METHODS:INTRODUCTION:Triple pelvic osteotomy (TPO) involves periacetabular osteotomies of the ilium, ischium, and pubis to reorient the acetabulum. This operation is indicated in certain situations for the treatment of developmental dysplasia of the hip, dysplastic neuromuscular hips, and for containment of the femoral head in cases of Legg-Calvé-Perthes disease. METHODS:This retrospective cohort study compares radiographic outcomes of patients who underwent TPO using two different techniques and describes a novel single-incision direct lateral approach. TPO was performed on 22 patients by the senior author. The first 10 patients underwent TPO through a single-incision anterolateral approach. The last 12 patients underwent TPO using the direct lateral approach. Preoperative and postoperative pelvic radiographs were reviewed for each patient, and the migration index and center-edge angle were recorded.

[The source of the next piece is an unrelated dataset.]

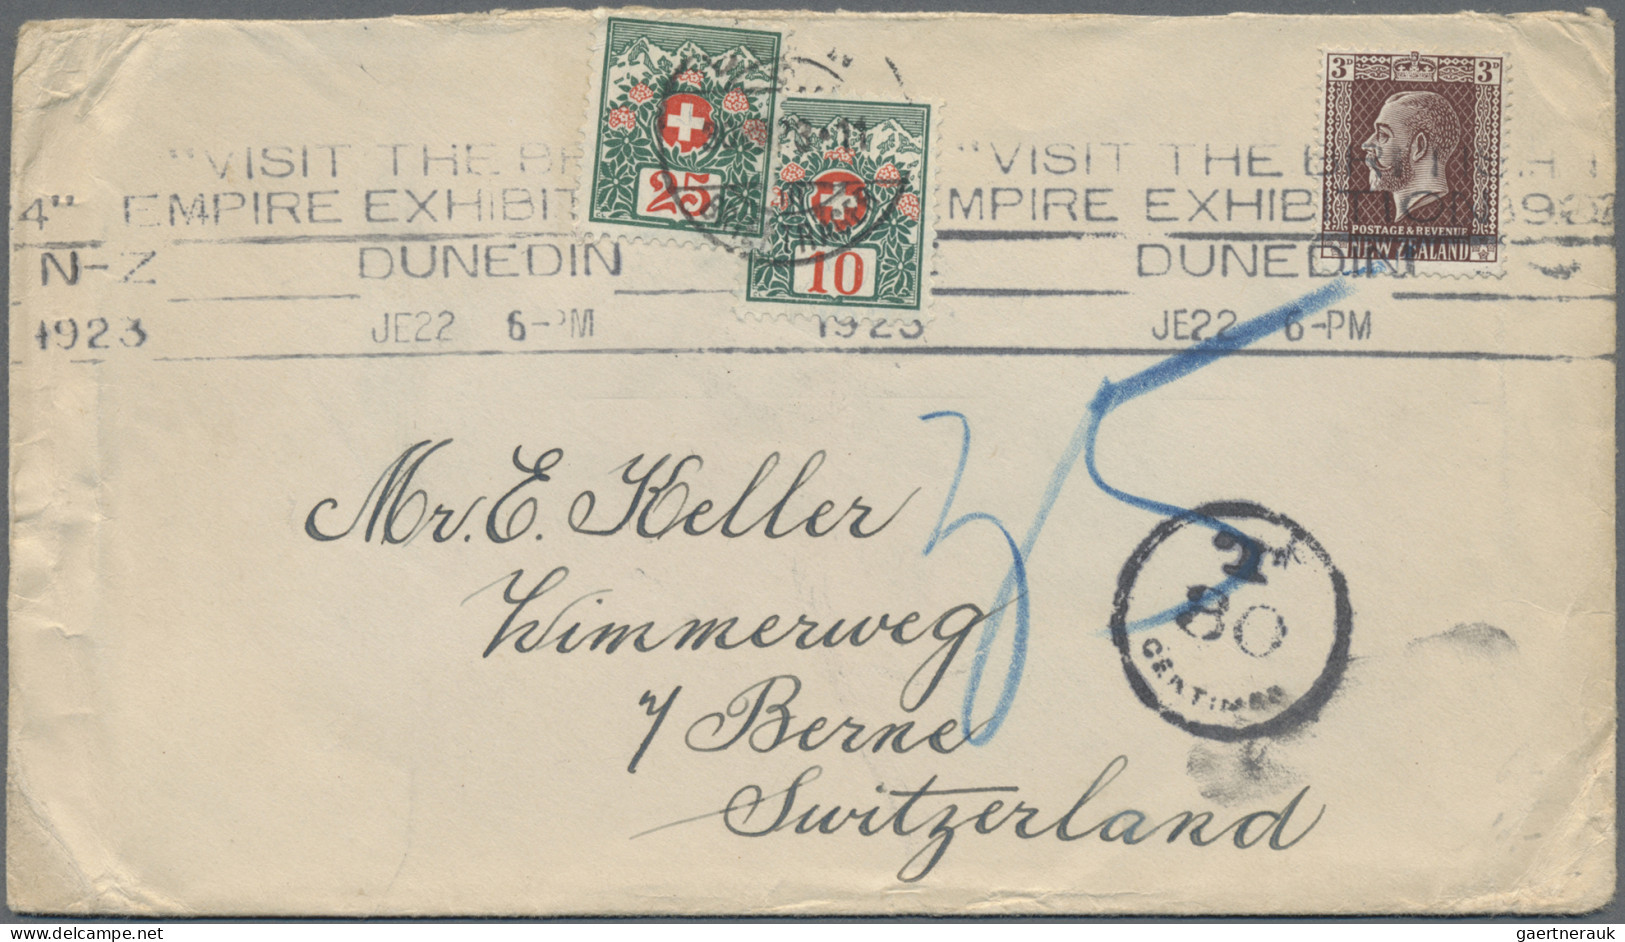 Schweiz - Portomarken: 1911/1924, Sammlung von 133 unzureichend frankierten Brie
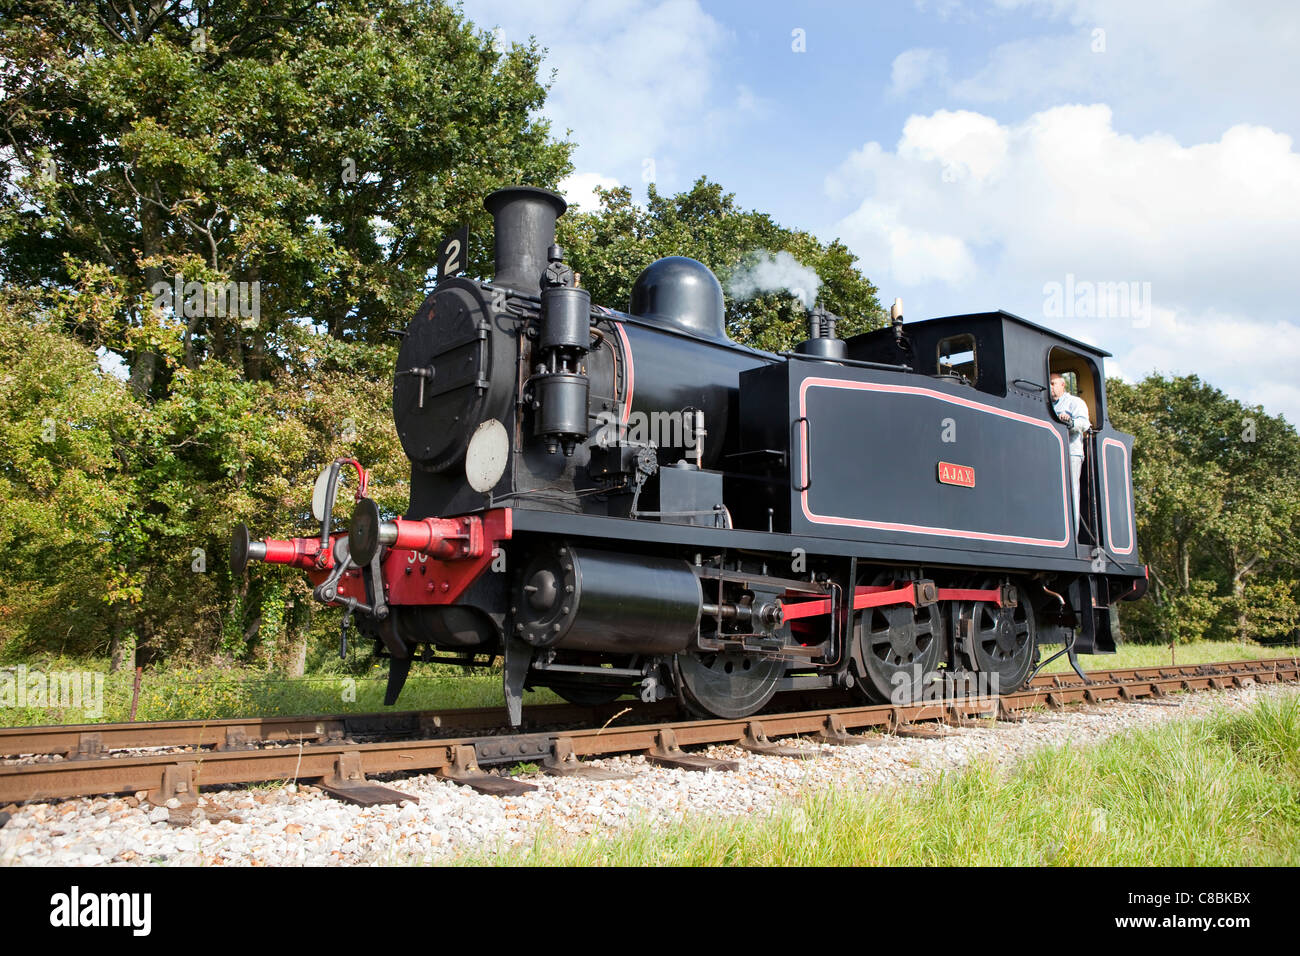 En la Isla de Wight, un tren de vapor, Foto de stock

RESULTS:The migration index and center-edge angle were evaluated and were not found to be significantly different between the anterolateral and direct lateral groups. The direct lateral approach is described. CONCLUSION:The direct lateral approach for TPO is equivalent to the anterolateral approach on radiographic evaluation. Advantages of the direct lateral approach include direct visualization of the ischial osteotomy, effective mobilization of the acetabulum, and safety of the sciatic nerve.